I had this moment where I thought ‘Oh, well of course the fact that this mushroom only exists at a certain time of the year --this must be some kind of a keyhole for me to recognize the northern Thai regional cuisine. In a way it’s what keeps things special for me when I go back to Thailand, I know that I’m going to find something there --whatever time of year I go-- that I may only be able to get there, in that time. It just makes me want to go back again, and again, and again.
What surprises you most about Thailand?
People having pride in what they do, even if they’re surprised that a foreigner would be interested in this stuff. I also said earlier that most Thai folks view foreigners as incapable of understanding the food or even wanting it. Not being able to eat it.
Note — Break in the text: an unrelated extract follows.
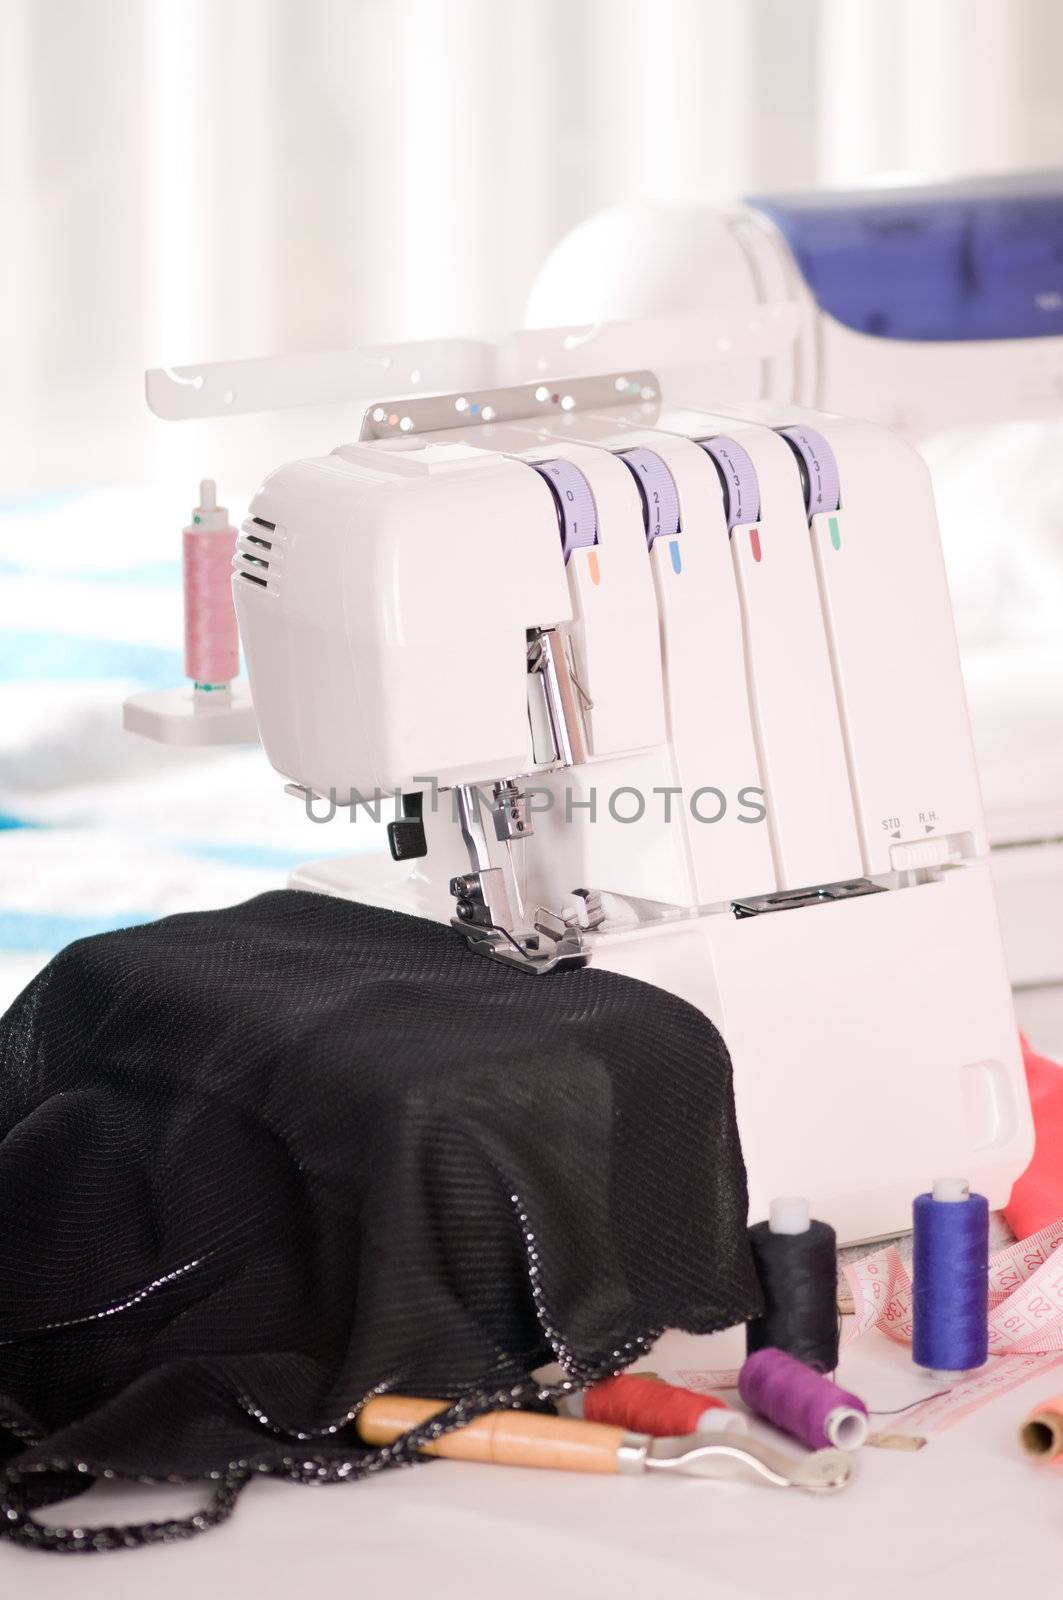 overlock and sewing machine is on the table

There’s a phrase they’ll ask that basically translates to, “Are you able to?” Not “do you want to?” — are you able?
You won a James Beard Award for your Saveur magazine essay “The Star of Siam: Thai Curries.” What’s the secret to a good curry?
The ingredients might seem disparate, but when you make one of the curries in these recipes, you discover that, through careful cooking, they come together into something delicious. It's not really difficult to make curries from scratch, but it takes patience. In Thai Buddhism, there's a word, sati. It means mindfulness. That's what making a curry takes.
You’re a huge fan of the city of Chiang Mai. What keeps you coming back again and again?
You can still drive down the road and find an incredible larb restaurant, with people cooking outside on a grill. The same type of food that’s been around for a long time. The temples are getting busier and more focused on collecting money to grow bigger, but they’re still old, beautiful temples. You still run into the old folks and a friendly vibe remains.
What Thai dish do you wish more people would try?
The reason I'm so passionate about the food that we do is that I really am trying to introduce dishes that you are unlikely to see in the United States...We're trying to do really damn faithful renditions of these dishes, which often aren't crowd pleasers filled with coconut milk and lime juice or anything like that. Those are the things I wish received the most attention. I want to get people interested in that.
Why do you think Thai food is so special?
It's exciting to the palate. You can eat at 20 farm-to-table restaurants, and things start to turn to finger paint. You paint with 20 colors and it all turns to brown. Everything starts tasting brown. How many times will you eat wild mushrooms with foie gras? All of a sudden you taste a chopped duck salad with lime, herbs and toasted rice, it's exciting. It's just palate fatigue, and I get that too with Thai food.